We consider two possible sources of errors, or noise. The first is an additive white Gaussian noise, modeling external disturbances. The second noise source captures the variability of the channel cutoff frequency around its nominal value, representing the effects of temperature, manufacturing conditions, and so forth, on the propagation delay through the interconnect. We assume these two noise sources are uncorrelated. We further assume that an error occurs if the operating frequency exceeds the channel cutoff frequency or the additive noise exceeds half the voltage swing. Although external disturbances are more accurately modeled as burst noise, a white-noise model suffices to prove our concept. Note that the operating-point control policy doesn't rely on any assumption about the noise model, which serves only to generate random bit errors in our experiments.

With these assumptions, we can derive a relation to express the probability of errors on a single line as a function of the voltage swing and the transmission frequency. At a given voltage, for transmission frequencies below the channel cutoff frequency, the probability of error is not 0 but extremely small. Conversely, for very high transmission frequencies, the same probability is practically 1.

The bit-error probability doesn't express a bit-flipping probability. Because we model the charging and discharging of interconnect bit lines—including timing errors such as those induced by crosstalk—the bit-error probability models approximately the probability that a line is sampled before having time to change to its new state (see Figure 4). That is, we can assume that if the operating frequency is too high, the word read on the interconnect is simply the previous one, because there wasn't enough time for the lines to transition to their final state. This has important consequences for our choice of encoding.

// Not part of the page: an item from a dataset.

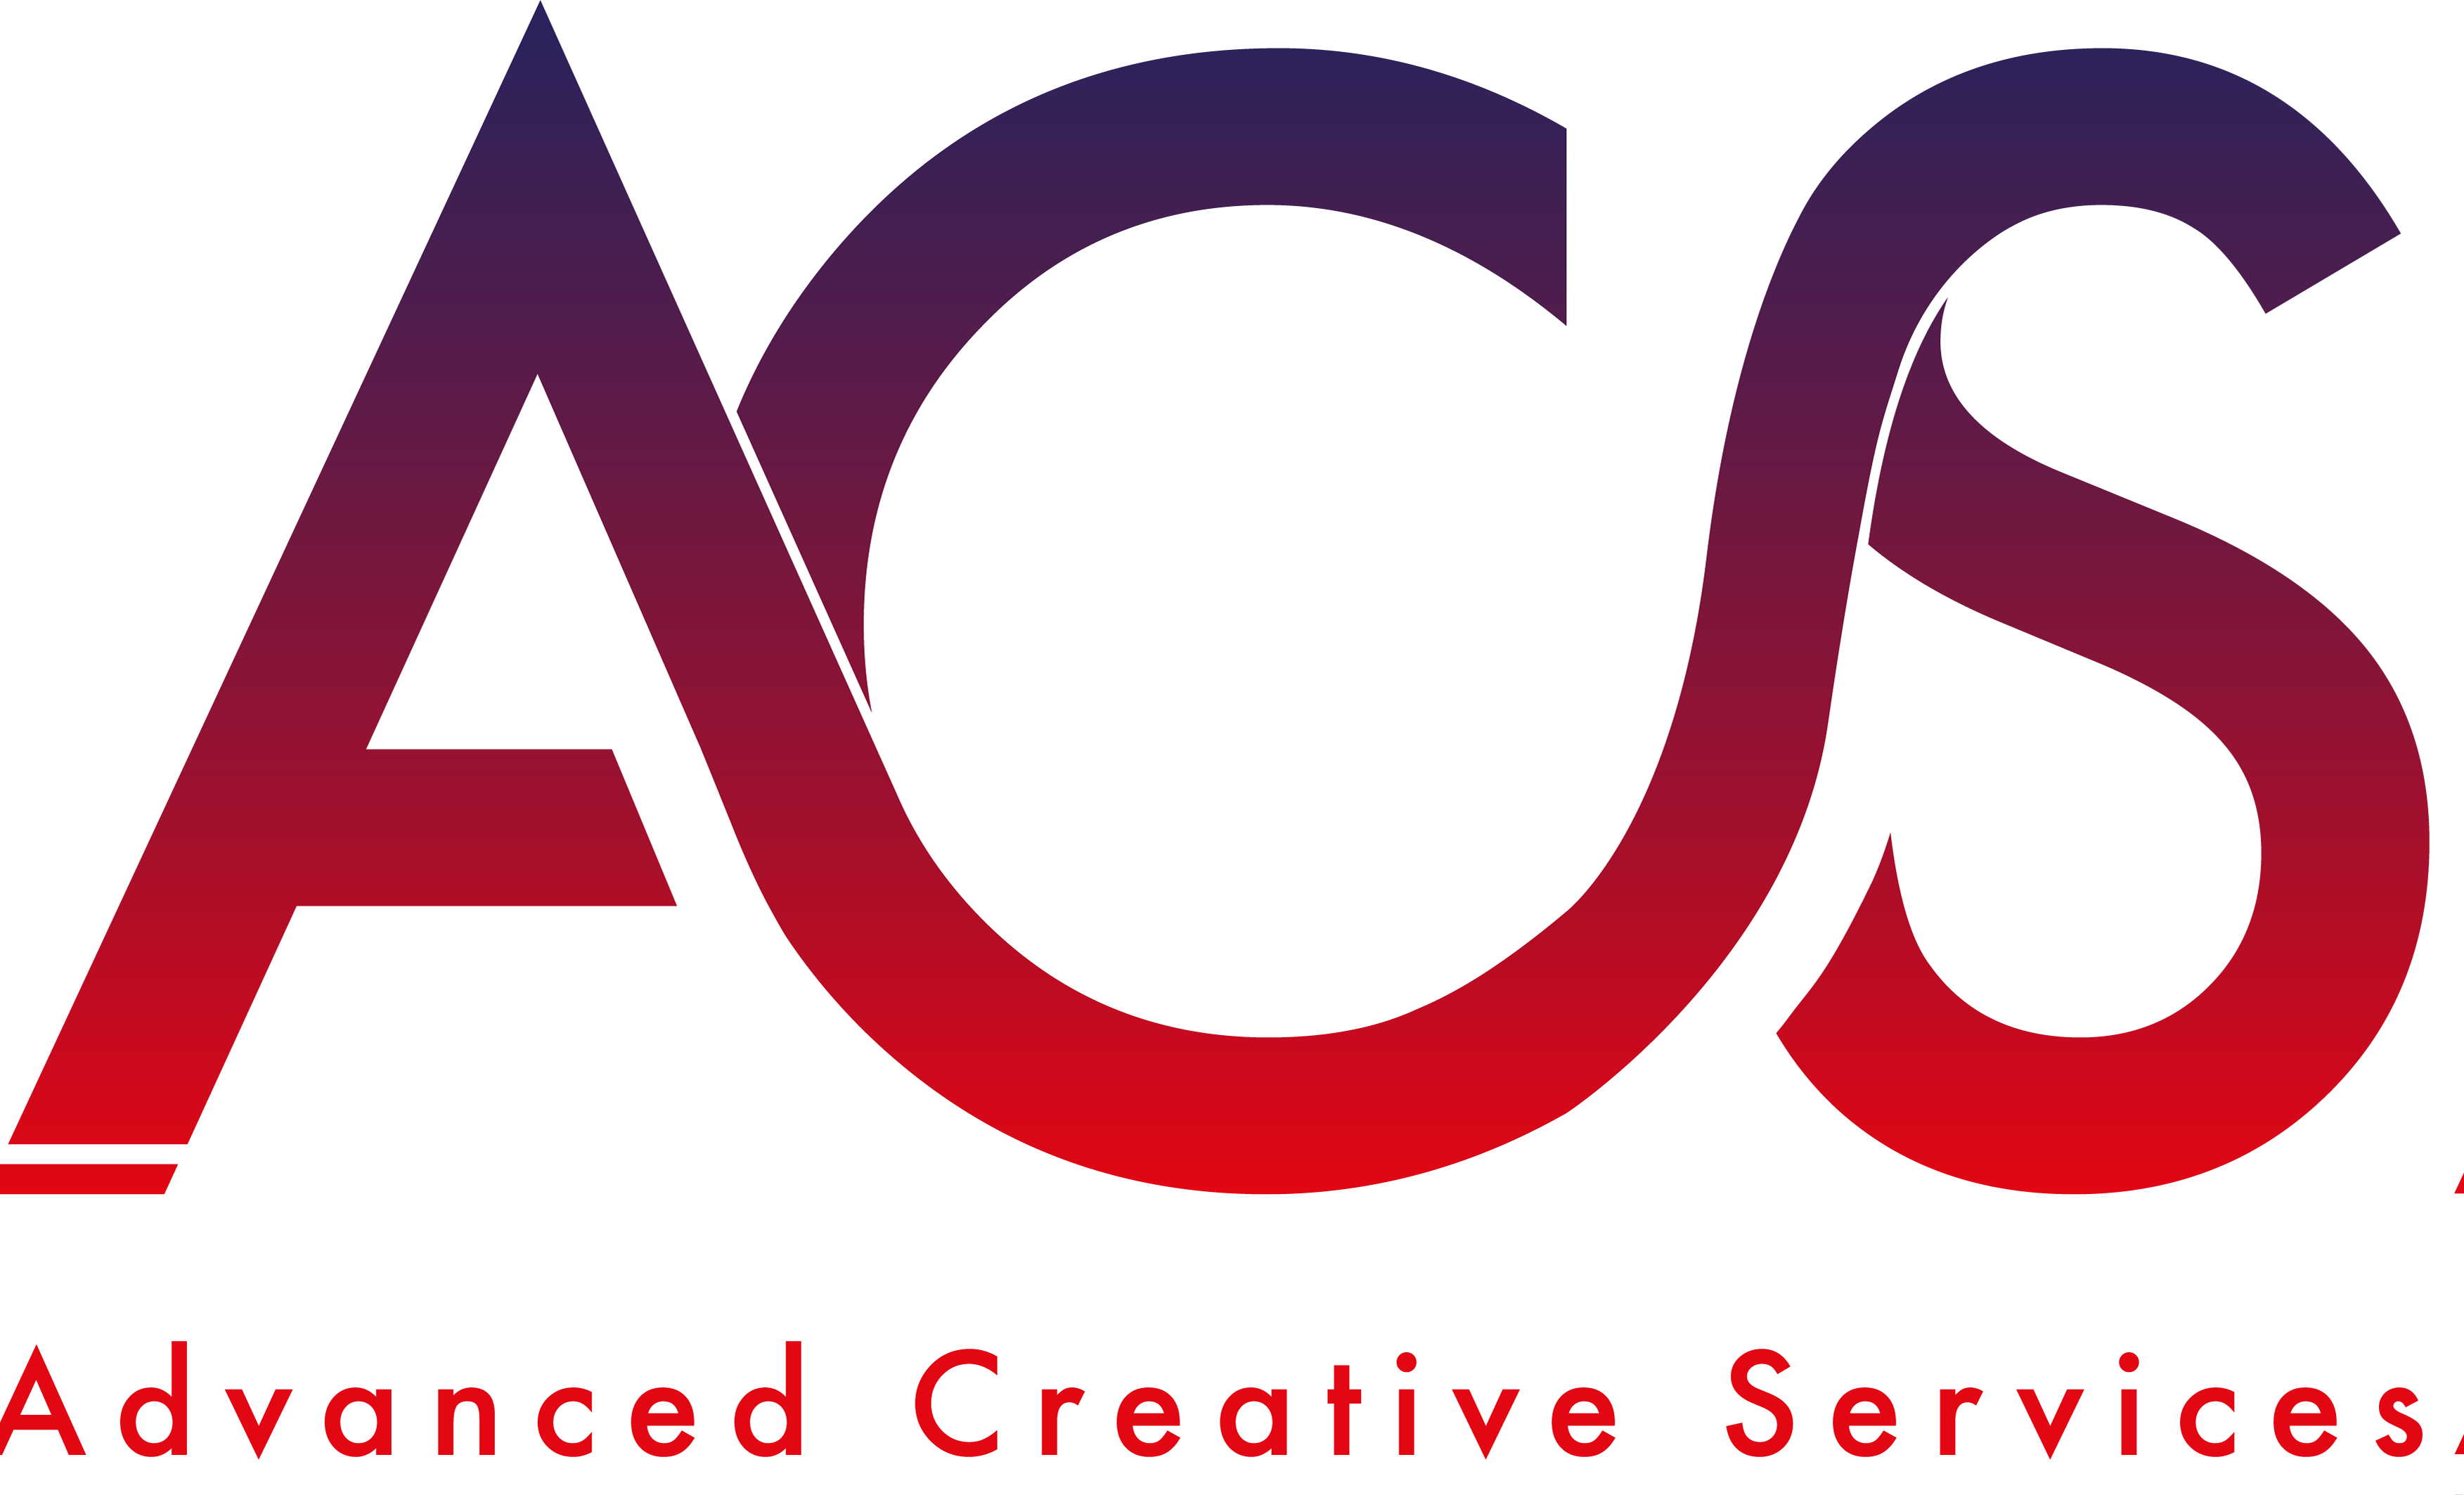 Advanced Creative Services

#### Delay-insensitive encoding

Simple spatial encoding (such as adding parity bits to the data word) is insufficient. Such encoding would effectively detect, for instance, that because of crosstalk a single bit hasn't yet transitioned. Yet, if our clock is so fast that the entire previous word is still present on the interconnect (for example, when the sampling process is like (2) in Figure 4), a pure spatial encoding would see the result as correct and would not detect that the new word is simply not ready. Instead of more-classical delayinsensitive encodings, such as 1-of-Nschemes, we use the simpler scheme shown in Figure 5. Our error detection scheme works by generating one additional bit, alternatively a 0 and a 1, that is not transmitted but is produced independently at the source and destination, and by computing and transmitting an 8bit cycle redundancy check code (CRC-8) using the generator polynomial  $x^8 + x^2$ +x+1 on the data word (for example, 32) bits) padded with the generated bit.<sup>13</sup> This bit ensures that no two successive identical data words can have the same encoding; hence, two successive 40-bit encoded words on the channel can be identical only if an error occurs. We have verified that for independent uniformly distributed input data, the redundant bit lines have the same switching activity as nonencoded data lines, transitioning an average of once every two cycles (half the switching rate of a clock).

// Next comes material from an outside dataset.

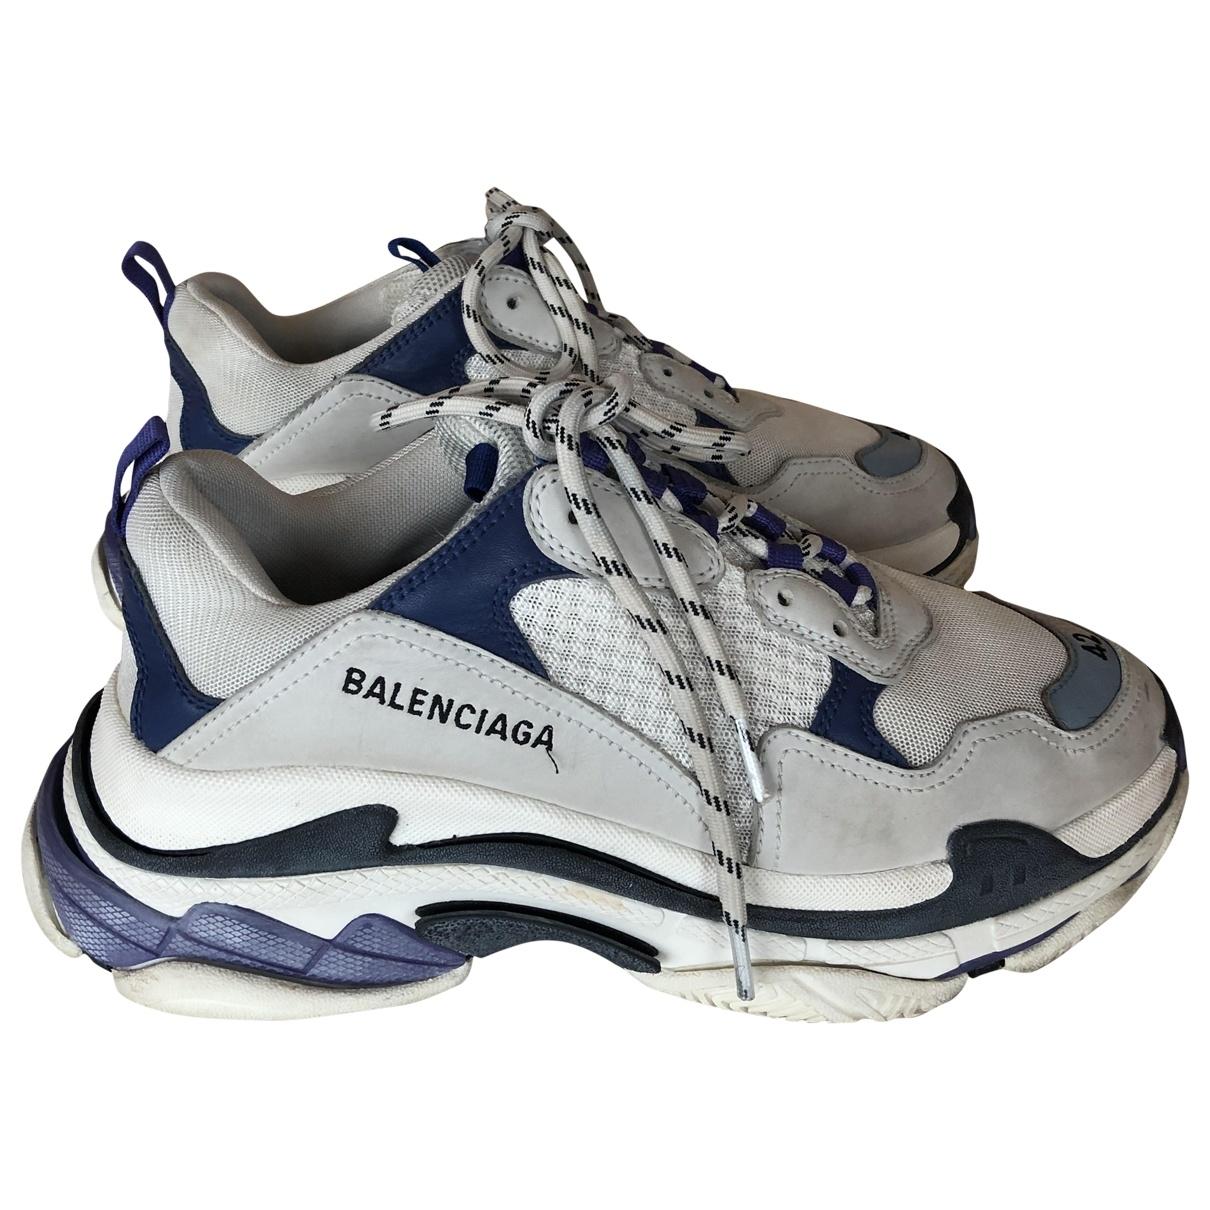 Balenciaga - Baskets Triple S pour homme en cuir - bleu

This scheme combines a flipping bit and a CRC-8. However, analytically assessing the scheme's robustness is beyond the scope of this article.<sup>15</sup> We performed simulations in VHDL with a functional model of the channel that

approximates the analytical bit-error-rate model. We transferred  $0.32 \times 10^9$  random bits and observed no residual undetected error for raw bit-error rates up to  $10^{-3}$ . Figure 6 shows the residual bit errors as a function of high raw bit-error rates.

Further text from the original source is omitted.